In fact, financial rebate policies linked to tax revenues should not be recognized as unlawful across the board. For example, the policy of exempting the local retention of enterprise income tax in the Tibet Autonomous Region mentioned above is based on the exception authorization of tax collection and management authority under the Law on Regional Ethnic Autonomy, which reads: "The autonomous organs of the national autonomous areas, in the implementation of the national tax law, may implement the policy of reducing or exempting certain items of the local fiscal revenue that are in need of tax care and encouragement, in addition to those items that should be uniformly approved and exempted by the state, and may implement the policy of reducing or exempting certain items that are in need of tax care and encouragement. tax reductions or exemptions that need to be taken care of and encouraged in terms of taxation. Autonomous prefectures, autonomous counties decide to reduce or exempt taxes, shall be reported to the provinces, autonomous regions, municipalities directly under the Central People's Government for approval", such preferential policies in accordance with the law, the enterprise meets the relevant conditions, can be normal to enjoy the corresponding concessions.
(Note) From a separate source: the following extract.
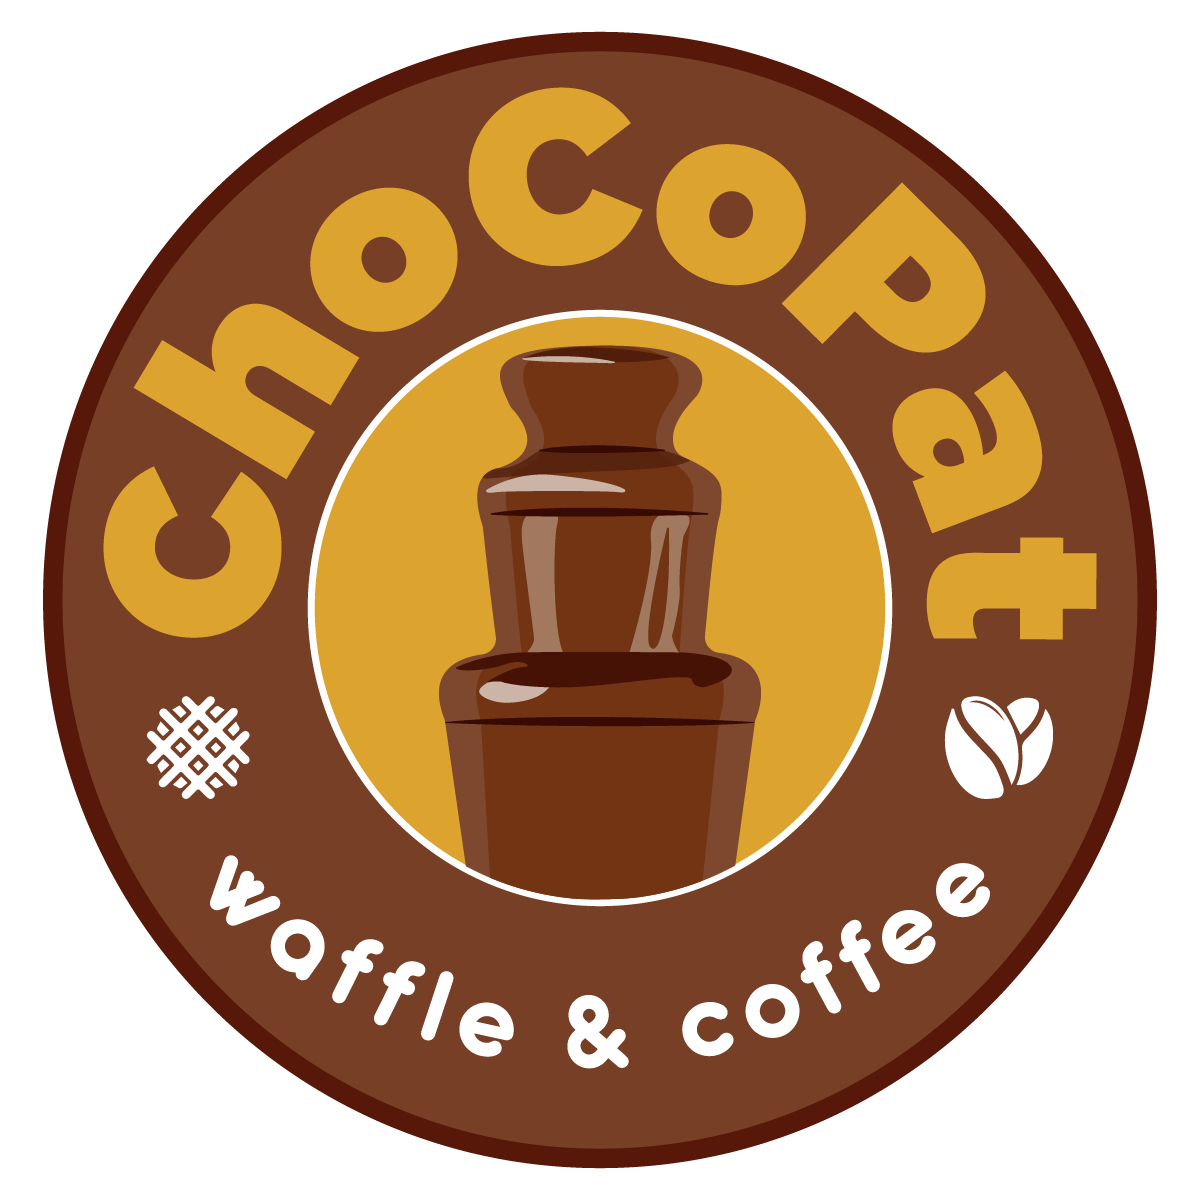 Chocopat Waffle&Coffee

The author suggests that enterprises should pay attention to the legitimacy of the policy and the stability of the past policy, analyze and assess the feasibility of the policy and the risk of redemption before choosing the investment place to apply the preferential policy; enterprises which have already enjoyed the preferential policy should look back to review the legitimacy of the signed investment agreement, analyze the applicable risk according to the regulatory dynamics, and adjust the business model in a timely manner; in addition, the investing enterprises should also review whether they have fulfilled the obligations under the agreement, such as obtaining the financial rebate. In addition, the investing enterprises should also review whether they fulfill the obligations agreed in the agreement, such as whether the financial rebates obtained are used in the agreed areas or projects, so as to avoid facing legal risks due to improper use of the financial rebates.